La habitación estaba intacta, con sus puertas y ventanas cerradas herméticamente. No siendo ellos dos, nadie
había llegado al lecho de Sussy. Pero Roberto también había observado que al aproximarse a Sussy el susurro
se apagaba lentamente mientras ella se recuperaba.

—Sentí como un fuego —dijo Sussy—. Atravesó el vidrio. Fue una mancha que me envolvía.

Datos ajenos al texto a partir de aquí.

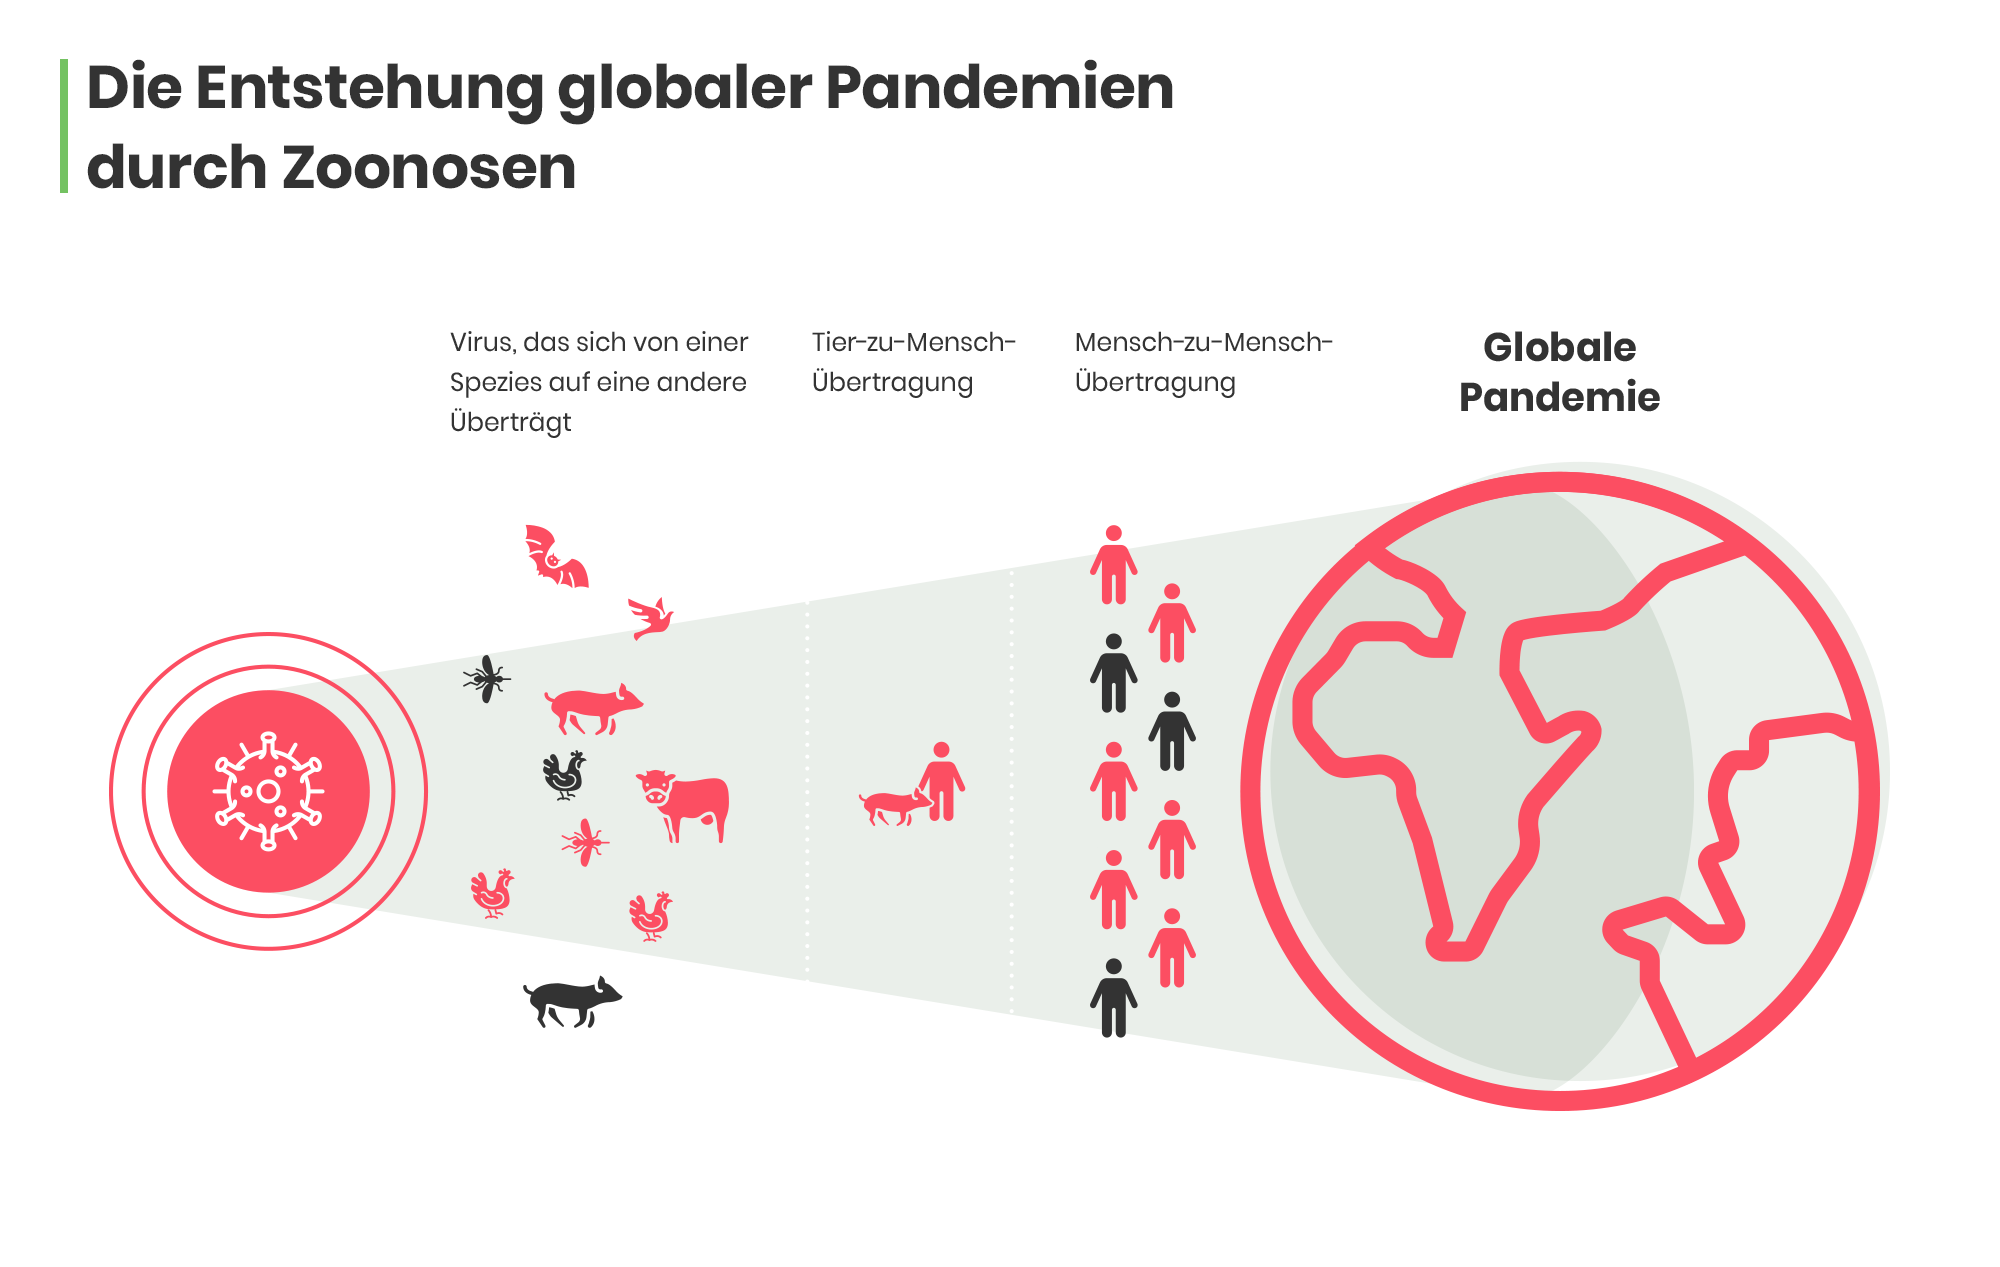 00-Entstehung-Pandemie_ohne-Quellenangabe

Roberto abrió la ventana sobre la avenida. La noche estaba oscura, cruzada por las constelaciones. La cerró.

—Se acercan —murmuró—.

Mil años después en otra escena similar, con otra Sussy y otro Roberto, se repitieron los mismos hechos. Y
Roberto pensó: Los ángeles tuvieron acceso carnal con las mujeres. Y subrayó el versículo 2 del capítulo VI
del Génesis: “Viendo los hijos de Dios la hermosura de las hijas de los hombres, tomaron de entre ellas por
mujeres a las que más les agradaron”. Lo mismo hizo en el 4: “En aquel tiempo había gigantes sobre la
Tierra; porque después que los hijos de Dios se juntaron con las hijas de los hombres y ellas concibieron,
salieron a luz esos valientes de la antigüedad que fueron varones de nombre”. Luego anotó: “Estoy seguro.
Son los Grandes Antiguos de Lovecraft (At The Mountaines of Maaness, VII”).

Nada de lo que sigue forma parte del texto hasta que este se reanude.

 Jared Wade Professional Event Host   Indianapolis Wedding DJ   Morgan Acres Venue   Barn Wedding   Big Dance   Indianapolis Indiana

En otro avatar Roberto abrió la ventana y miró hacia las estrellas. Si los ángeles eran seres asexuados —
pensó en voz alta—, no podían tener acceso carnal con las mujeres. Luego, esos ángeles eran seres
extraterrestres.

—Se acercan.

Transcurrieron siete mil años. Los edificios habían crecido como termómetros hacia las galaxias. Los
hombres se desplazaban por el espacio con eyectores atómicos, ajustados a la espalda. Las mujeres, desnudas,
se controlaban mediante píldoras de colores. Cada color significaba una función distinta. Roja la del amor.
Azul la del alimento. Los cementerios también crecían bajo las luces calcinadas. Las ciudades se sumergían y
buscaban espacios subterráneos. Nadie leía. Nadie sabía nada. Pero tenían una computadora portátil que les
suministraba la sabiduría, la inteligencia de los siglos. (Había una limitación: los pobres no podían adquirir su
computadora. Se hacinaban en los portones, en frente de los comercios electrónicos, para intercambiar ideas y
detectar noticias lejanas).

Para escribir, Roberto utilizaba una máquina de microcircuitos. Hablaba y la voz quedaba inscripta, dibujada
en el papel. Un día, sobre la lámina del espejo, vio el cuerpo desnudo de Sussy, una imagen que se retorcía.
Corrió hacia el dormitorio y abrió la puerta. El susurro no había desaparecido. Se hacía más intenso. Sussy
gritaba. Cuando quiso avanzar giraron los objetos y dos puntas lechosas, aceradas, penetraron en el edificio.

—¡Se acercan! ¡Se acercan!

Apenas pudo pensarlo. El susurro era tan fuerte como una carcajada. Acaso fuera una carcajada y no un
susurro. Después giró todo, el edificio, las calles, las estaciones subterráneas. El mundo comenzó a
resquebrajarse y las computadoras enmudecieron. Después se sintió una explosión y el planeta se hizo añicos.
Pero un segundo antes, desde ese mismo susurro (posiblemente dentro de esa carcajada), alguien dijo:

—Se multiplicaban y se devoraban dentro de una cabecita de alfiler. En siete millonésimas de segundo
pusieron piedra sobre piedra, construyeron ciudades microscópicas y juguetes infinitesimales por donde
subían y bajaban. Después aprendieron a volar. Cuando tuvieron alas y penetraron los secretos de la materia,
se “arrojaron hacia arriba”. Entonces apreté con mis dos uñas la cabecita de alfiler.